Out of memory with two GPU training

microsoft / ProDA

Prototypical Pseudo Label Denoising and Target Structure Learning for Domain Adaptive Semantic Segmentation (CVPR 2021)

https://arxiv.org/abs/2101.10979

MIT License

286 stars 44 forks source link

Out of memory with two GPU training #10

Closed fabriziojpiva closed 3 years ago

fabriziojpiva commented 3 years ago

Hi, I am trying to reproduce the results for the training process adapting GTA V to Cityscapes. I have downloaded the warm-up model and generated the soft pseudo-labels successfully, and also calculated the prototypes. But after running the script to train the stage 1, the highest mIoU that I get is 52.9.
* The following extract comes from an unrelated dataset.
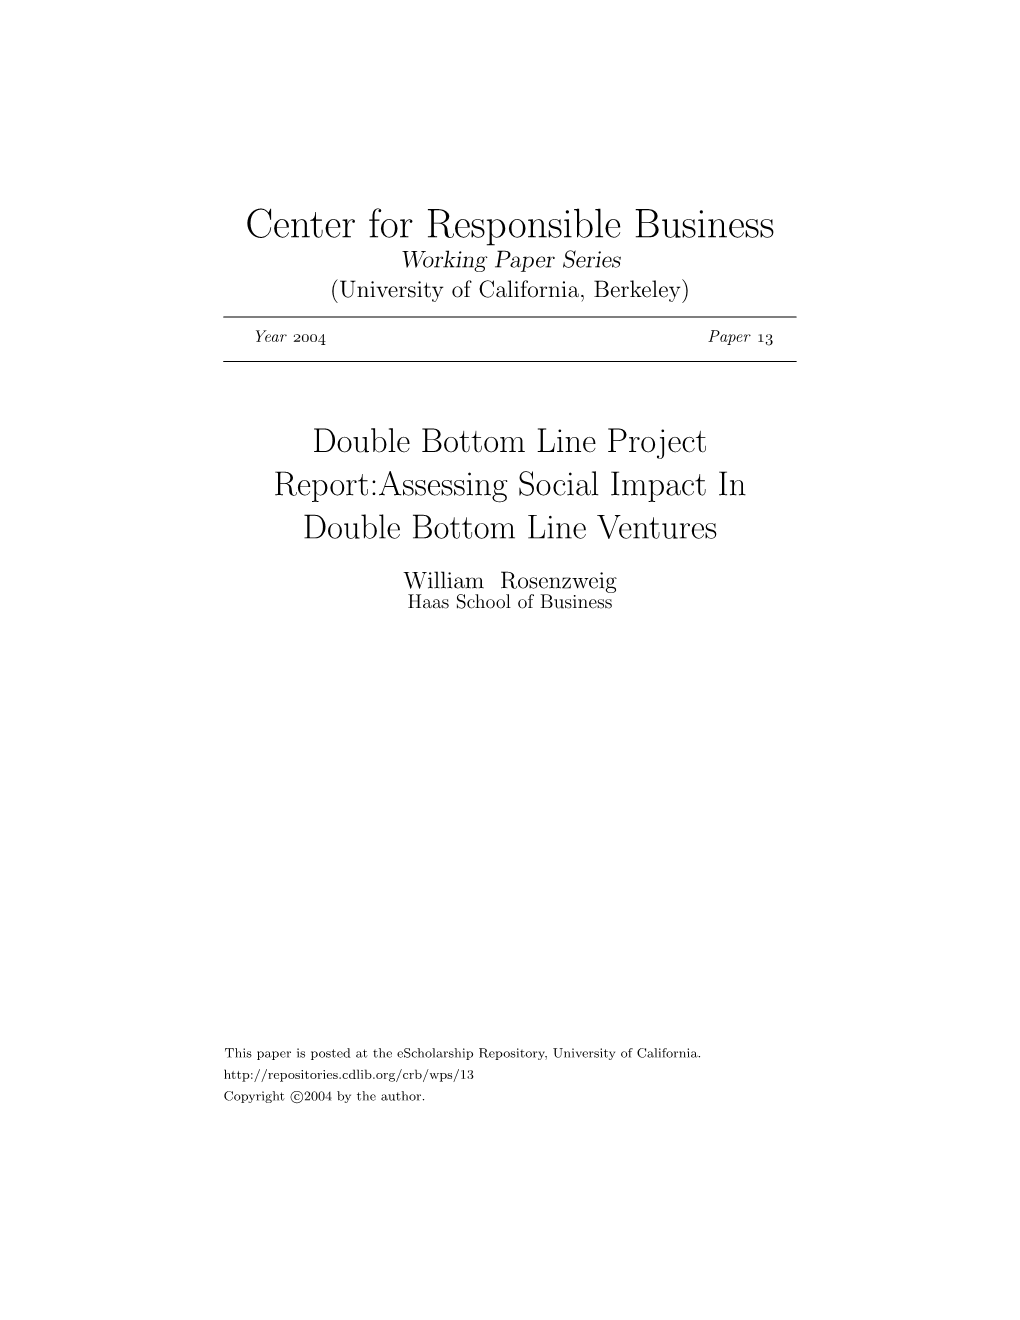 Double Bottom Line Project Report:Assessing Social Impact in Double Bottom Line Ventures William Rosenzweig Haas School of Business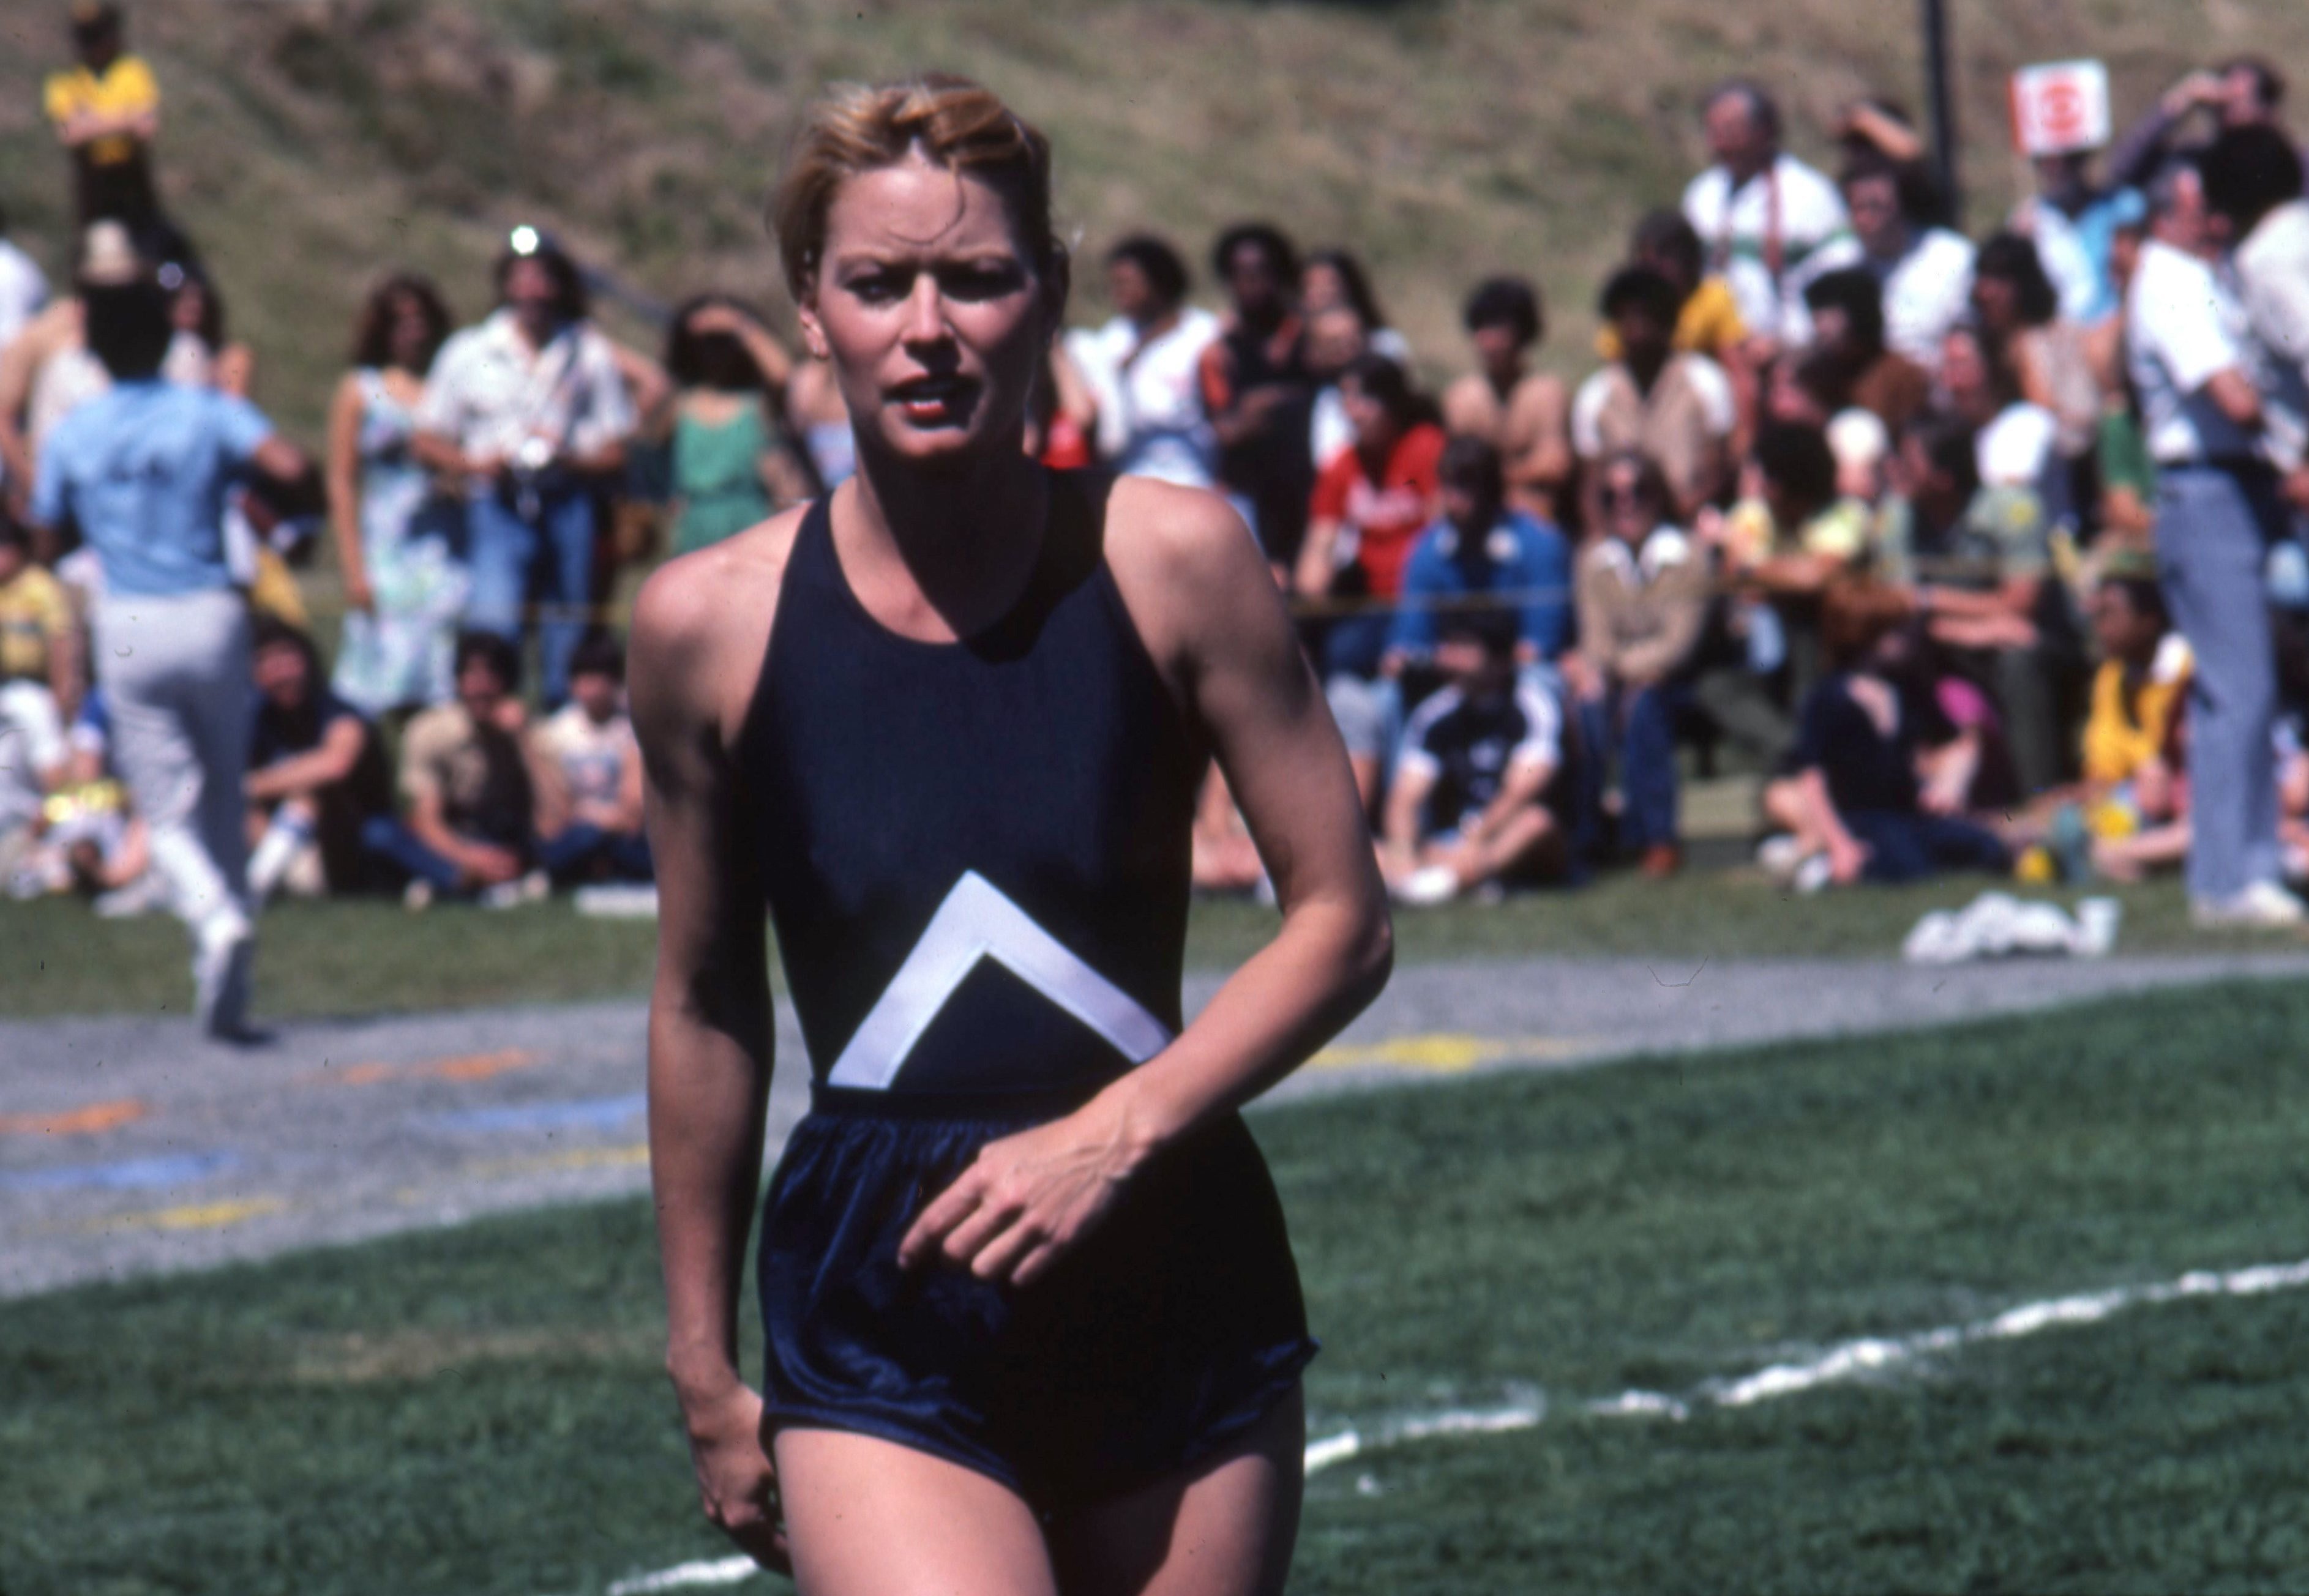 Randi Oakes on the set of "Battle of the Network Stars" Episode Ten in May 1981, in Los Angeles, California. | Source: Getty Images

The parameters that I have used for my current set-up (2 Nvidia RTV 2080 with 24GB each) are:

batch size = 2 learning_rate = 0.0001/2 epochs = 84 train_iters = 90000*2 I couldn't run the script with the default configuration (bs=4, lr=0.0001 and train_iters = 90000) due to out of memory. Any thoughts on how I can achieve the results with my hardware configuration?

zhangmozhe commented 3 years ago

Maybe you can try multiple forward before backward call, similar to BigGAN pytorch implementation https://github.com/ajbrock/BigGAN-PyTorch. Or, you can try mixed precision training, which may cause slight performance degradation.

tudragon154203 commented 3 years ago

Hi, I am trying to reproduce the results for the training process adapting GTA V to Cityscapes. I have downloaded the warm-up model and generated the soft pseudo-labels successfully, and also calculated the prototypes. But after running the script to train the stage 1, the highest mIoU that I get is 52.9.

The parameters that I have used for my current set-up (2 Nvidia RTV 2080 with 24GB each) are:

batch size = 2 learning_rate = 0.0001/2 epochs = 84 train_iters = 90000*2 I couldn't run the script with the default configuration (bs=4, lr=0.0001 and train_iters = 90000) due to out of memory. Any thoughts on how I can achieve the results with my hardware configuration?

Can I ask how can you get a set up with two GPUs? Do you use aAny cloud computing platform?

super233 commented 3 years ago

It was implemented by torch.nn.DataParallel and Synchronized-BatchNorm

https://github.com/microsoft/ProDA/blob/9ba80c7dbbd23ba1a126e3f4003a72f27d121a1f/models/sync_batchnorm/replicate.py#L47

yuheyuan commented 2 years ago

Hi, I am trying to reproduce the results for the training process adapting GTA V to Cityscapes. I have downloaded the warm-up model and generated the soft pseudo-labels successfully, and also calculated the prototypes. But after running the script to train the stage 1, the highest mIoU that I get is 52.9.

The parameters that I have used for my current set-up (2 Nvidia RTV 2080 with 24GB each) are:

batch size = 2 learning_rate = 0.0001/2 epochs = 84 train_iters = 90000*2 I couldn't run the script with the default configuration (bs=4, lr=0.0001 and train_iters = 90000) due to out of memory. Any thoughts on how I can achieve the results with my hardware configuration?

hi,Have you successed run the code by two GPU, I only have two 3090. I meet the same question you meet.